A microgeração distribuída refere-se a uma central geradora de energia elétrica, com potência instalada menor ou igual a 75 quilowatts (kW). Já a minigeração distribuída diz respeito às centrais geradoras com potência instalada superior a 75 kW e menor ou igual a 3 megawatt (MW), para a fonte hídrica, ou 5 MW para as demais fontes.

Geração distribuída de energia elétrica no Brasil

A regulação da geração distribuída (GD) no Brasil trouxe inúmeros ganhos ao crescimento do uso de energia solar no país, frente importante na mitigação das mudanças climáticas e na transição para uma matriz energética mais limpa (de baixo carbono). Se antes já era evidente que a procura por este tipo de energia renovável geraria mudanças profundas na forma de operação do sistema elétrico nacional, agora o redesenho no papel das distribuidoras e do Operador Nacional do Sistema (ONS) ganha alguns incrementos – a escassez de água e consequente perda na geração de energia hidrelétrica, e a necessidade de uma nova infraestrutura de energia que atenda toda a demanda.

Há ainda o dever de aprimoramento do sistema elétrico, com o uso de big data e outras tecnologias, para evitar que a falta de atualização eficiente do sistema não seja um entrave ao desenvolvimento da GD no País. Essa e outras conclusões estão nos pontos de atenção do estudo “Impactos econômicos e sociais da expansão do uso de sistemas de geração distribuída a partir de energia solar fotovoltaica”, realizado pela professora Virginia Parente, do Instituto de Energia e Ambiente da Universidade de São Paulo, com o apoio do Idec (Instituto Brasileiro de Defesa do Consumidor) e do WWF-Brasil.

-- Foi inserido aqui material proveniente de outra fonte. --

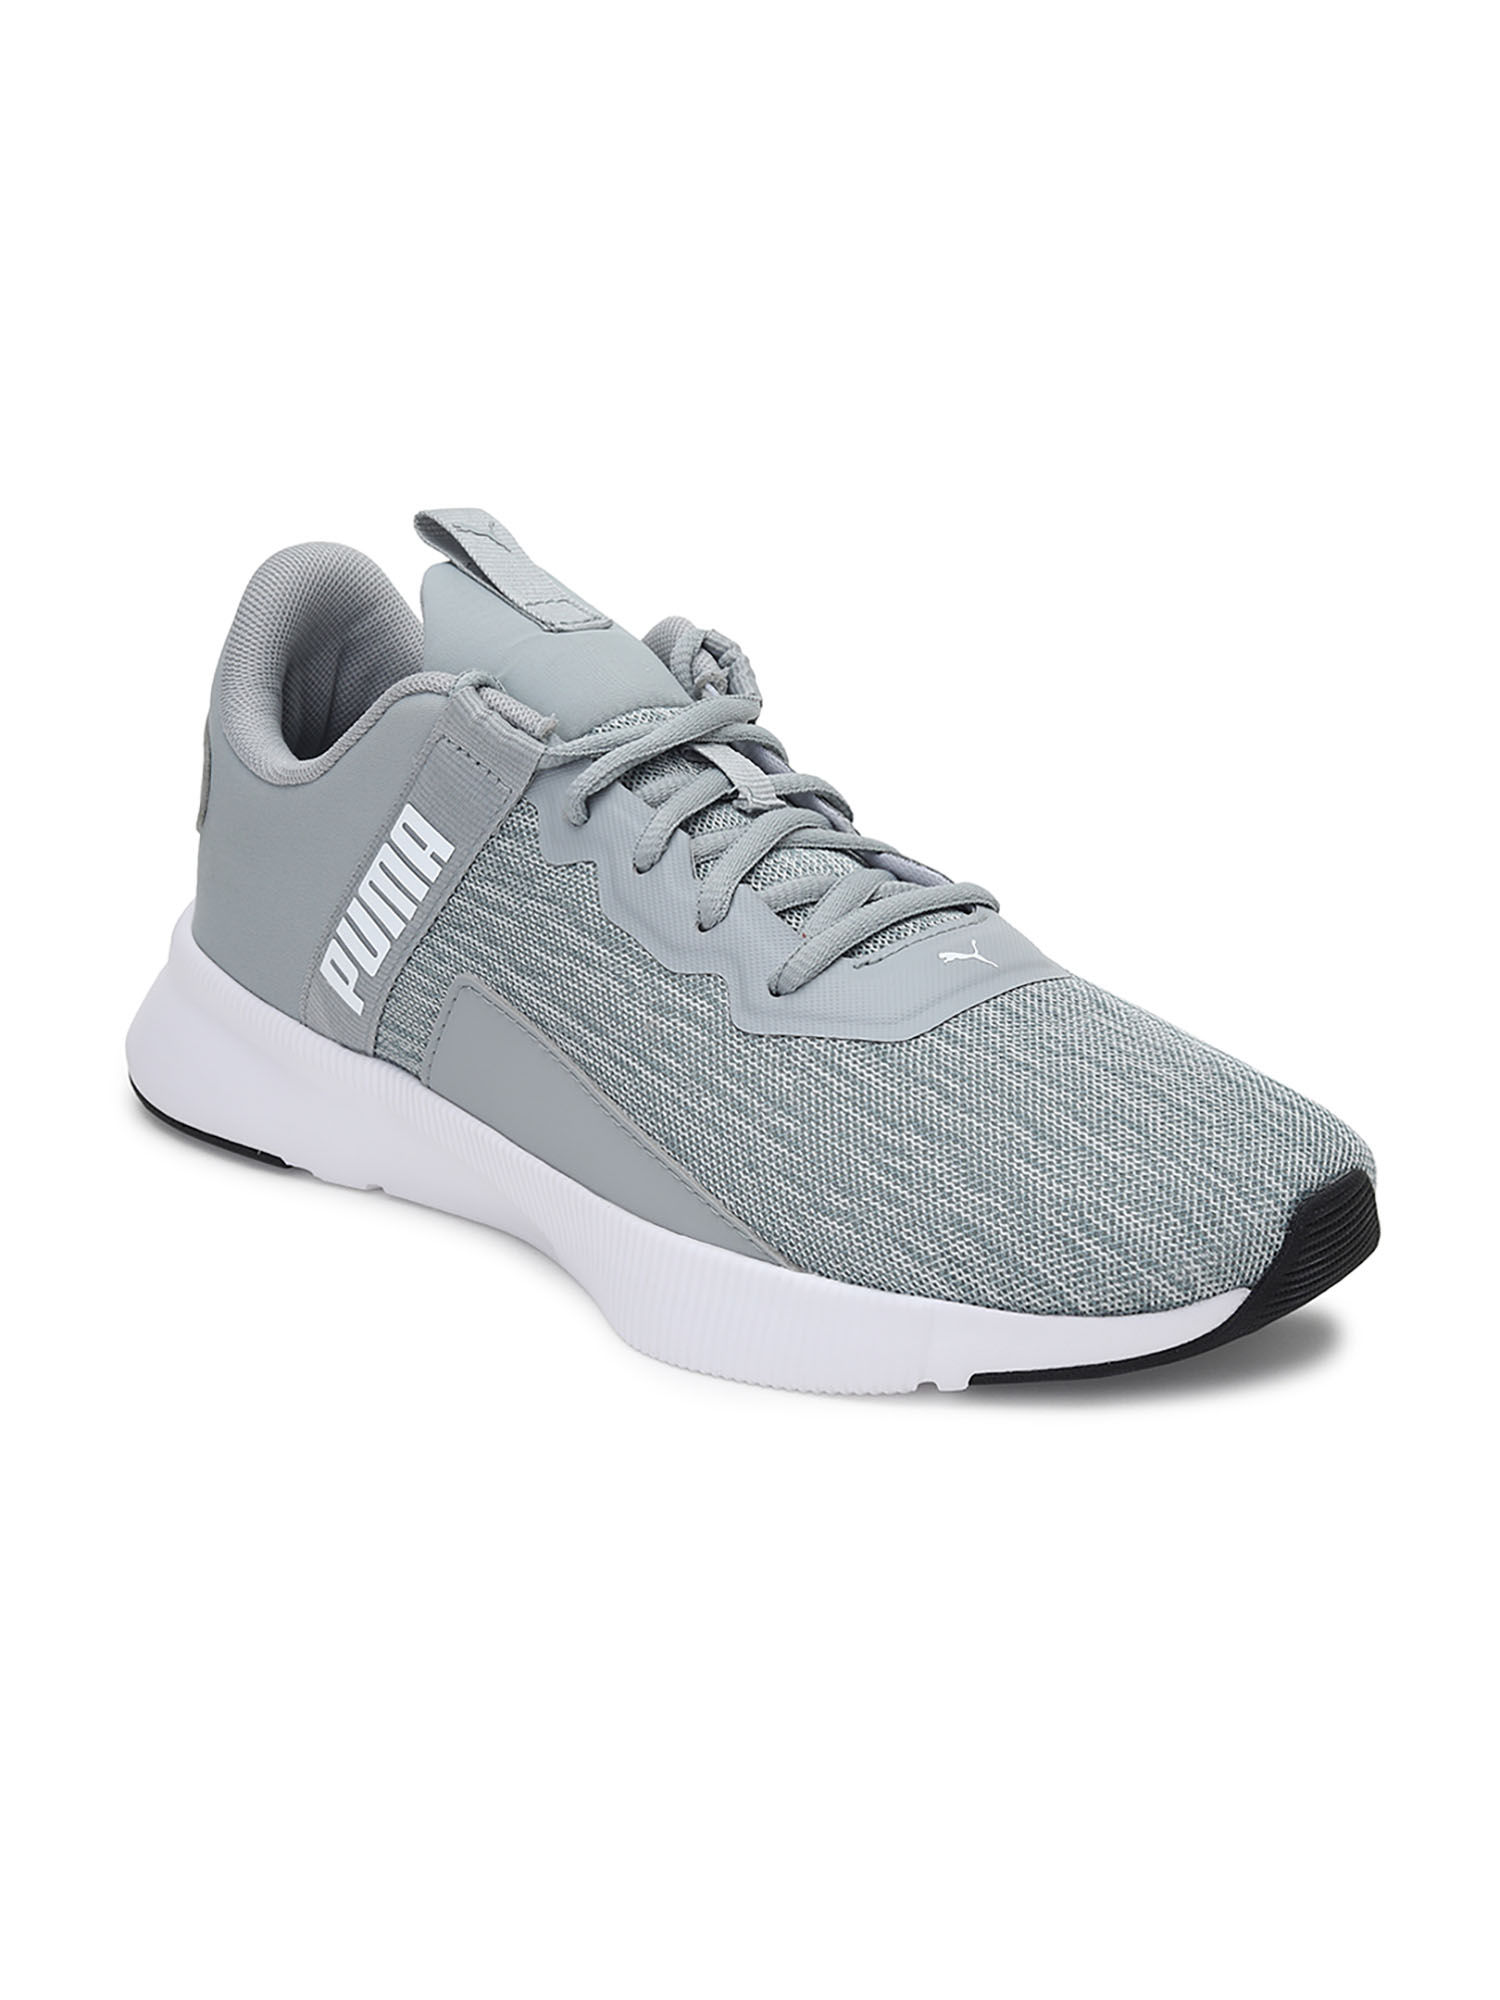 Connected Monograph unfathomable Puma Flyer Beta Softfoam Plus Running Shoes (UK 3): Buy Puma Flyer Beta Softfoam  Plus Running Shoes (UK 3) Online at Best Price in India | Nykaa

O levantamento analisa a adoção de sistemas de micro e minigeração distribuída de energia considerando as regras atuais, definidas pela Resolução Normativa Aneel 482/2012, além dos efeitos relacionados às emissões de gases de efeito estufa (GEE).

Os resultados indicam que, em termos absolutos, no melhor dos cenários encontrados, a GD evitaria a emissão de até 12 milhões de toneladas de CO2e na atmosfera de 2020 a 2030. Já no cenário mais desfavorável, seriam evitadas apenas 7,8 milhões de toneladas de CO2e no mesmo período.

Pontos relevantes

Análises mostram que a expansão da GD gerará, em 2025, mais de 100 mil empregos diretos e indiretos, volume que deve atingir 240 mil em 2030.

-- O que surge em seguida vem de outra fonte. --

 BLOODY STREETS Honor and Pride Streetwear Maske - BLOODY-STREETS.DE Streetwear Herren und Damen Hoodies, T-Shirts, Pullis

Outro ponto relevante é que os impactos dos investimentos em GD sobre os não adotantes ainda são pequenos sob a ótica per capita. Porém, esse cenário poderá mudar rapidamente, a depender da expansão do uso dos sistemas fotovoltaicos. No entanto, a regulação atual privilegia por meio de subsídios quem pode investir num sistema próprio que será integrado à rede de distribuição nacional em detrimento do consumidor que não tem essa possibilidade por falta de recursos a investir.

Parte do sucesso e alta na instalação de GD é associada ao fato de que o sistema de compensação isenta o consumidor que produz a sua própria eletricidade (chamado prossumidor) de praticamente todos os componentes da tarifa, como encargos e custos da rede. Esses custos são repassados para os demais consumidores, não adotantes da GD. Assim, o prossumidor usa o sistema público, mas não paga por ele, o que tem motivado discussões sobre o futuro da regulamentação do setor.

Alessandra Mathyas, analista de mudanças climáticas e energia do WWF-Brasil, alerta: “Embora as projeções do governo indiquem um crescimento contínuo da GD no País, os cenários projetados são modestos quando comparados aos da Europa e da América do Norte, que estimam participação da GD entre 50% a 60% nas suas ofertas internas de energia elétrica”.